# [What you should do]
Drop every image, then reproduce the data exactly as given.

# [Data segment]
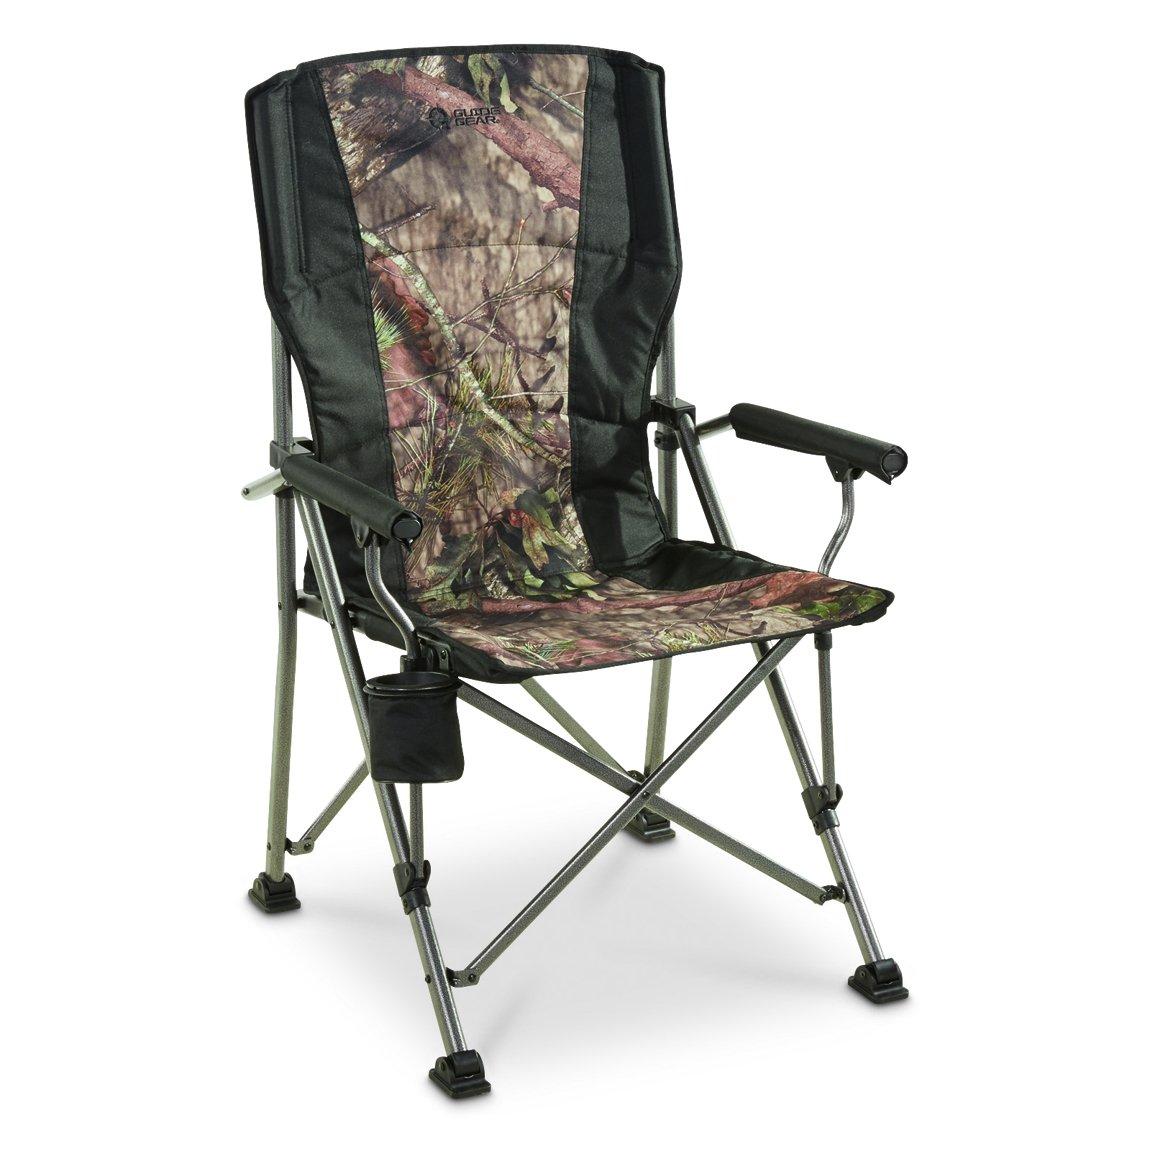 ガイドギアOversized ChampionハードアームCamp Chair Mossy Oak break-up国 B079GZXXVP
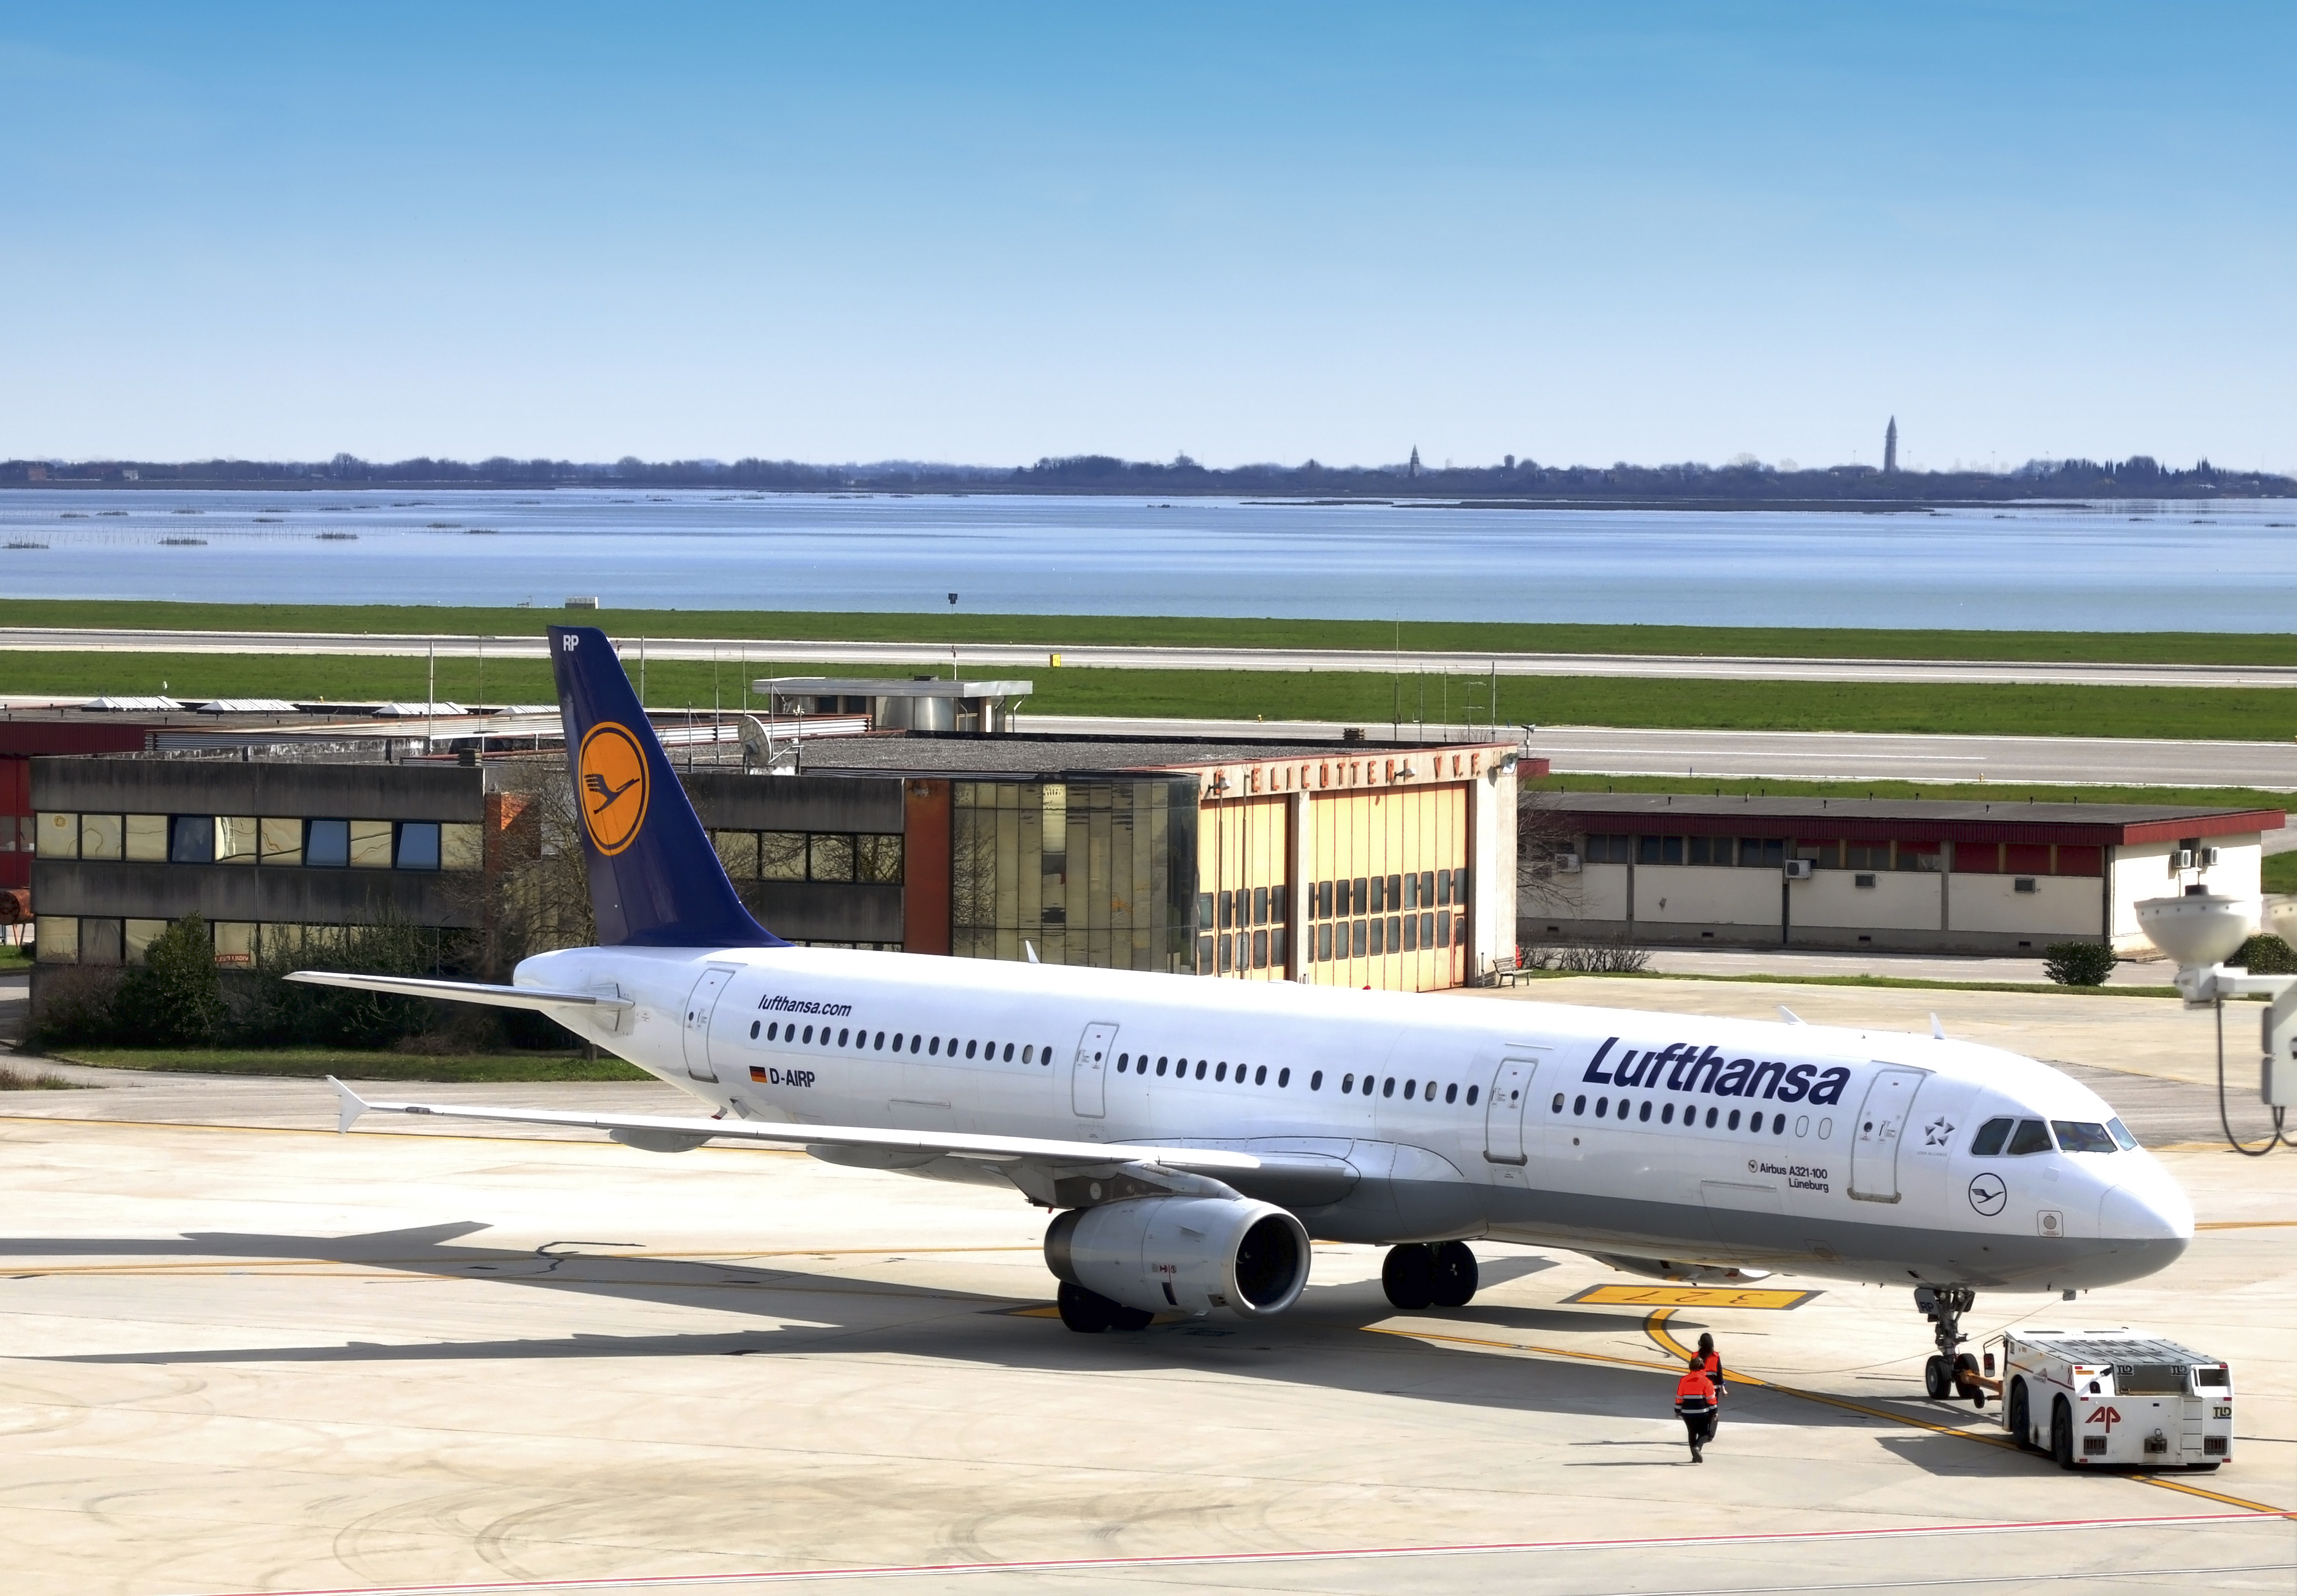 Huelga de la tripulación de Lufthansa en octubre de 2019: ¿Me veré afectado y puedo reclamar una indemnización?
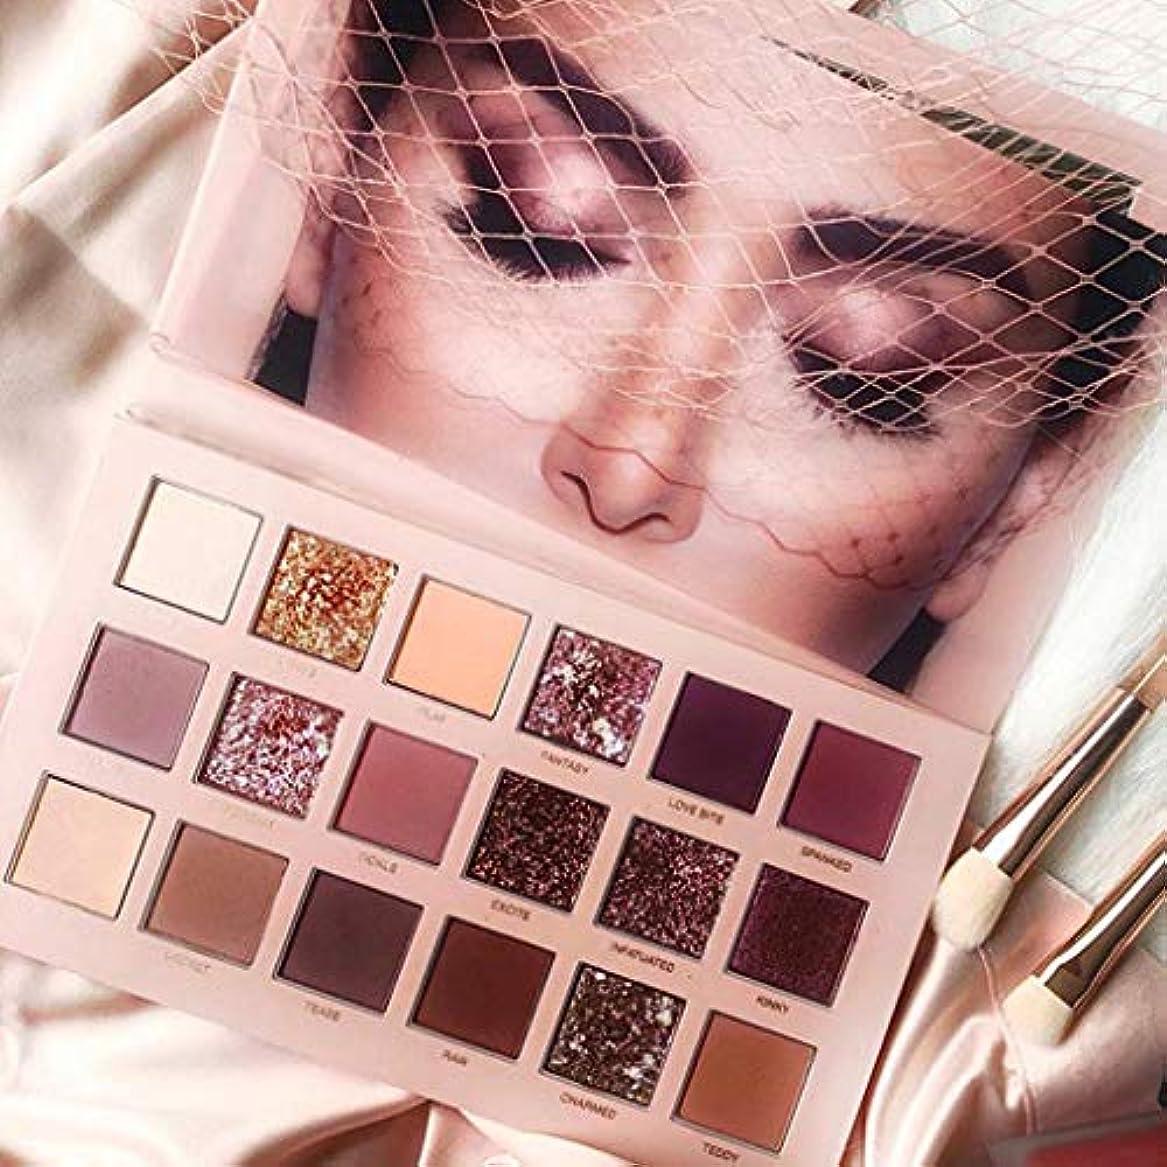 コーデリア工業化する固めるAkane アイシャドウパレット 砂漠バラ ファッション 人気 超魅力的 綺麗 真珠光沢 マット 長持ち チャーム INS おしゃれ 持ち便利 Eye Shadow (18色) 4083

# [Output for this task]
 ガイドギアOversized ChampionハードアームCamp Chair Mossy Oak break-up国 B079GZXXVP
 Huelga de la tripulación de Lufthansa en octubre de 2019: ¿Me veré afectado y puedo reclamar una indemnización?
 コーデリア工業化する固めるAkane アイシャドウパレット 砂漠バラ ファッション 人気 超魅力的 綺麗 真珠光沢 マット 長持ち チャーム INS おしゃれ 持ち便利 Eye Shadow (18色) 4083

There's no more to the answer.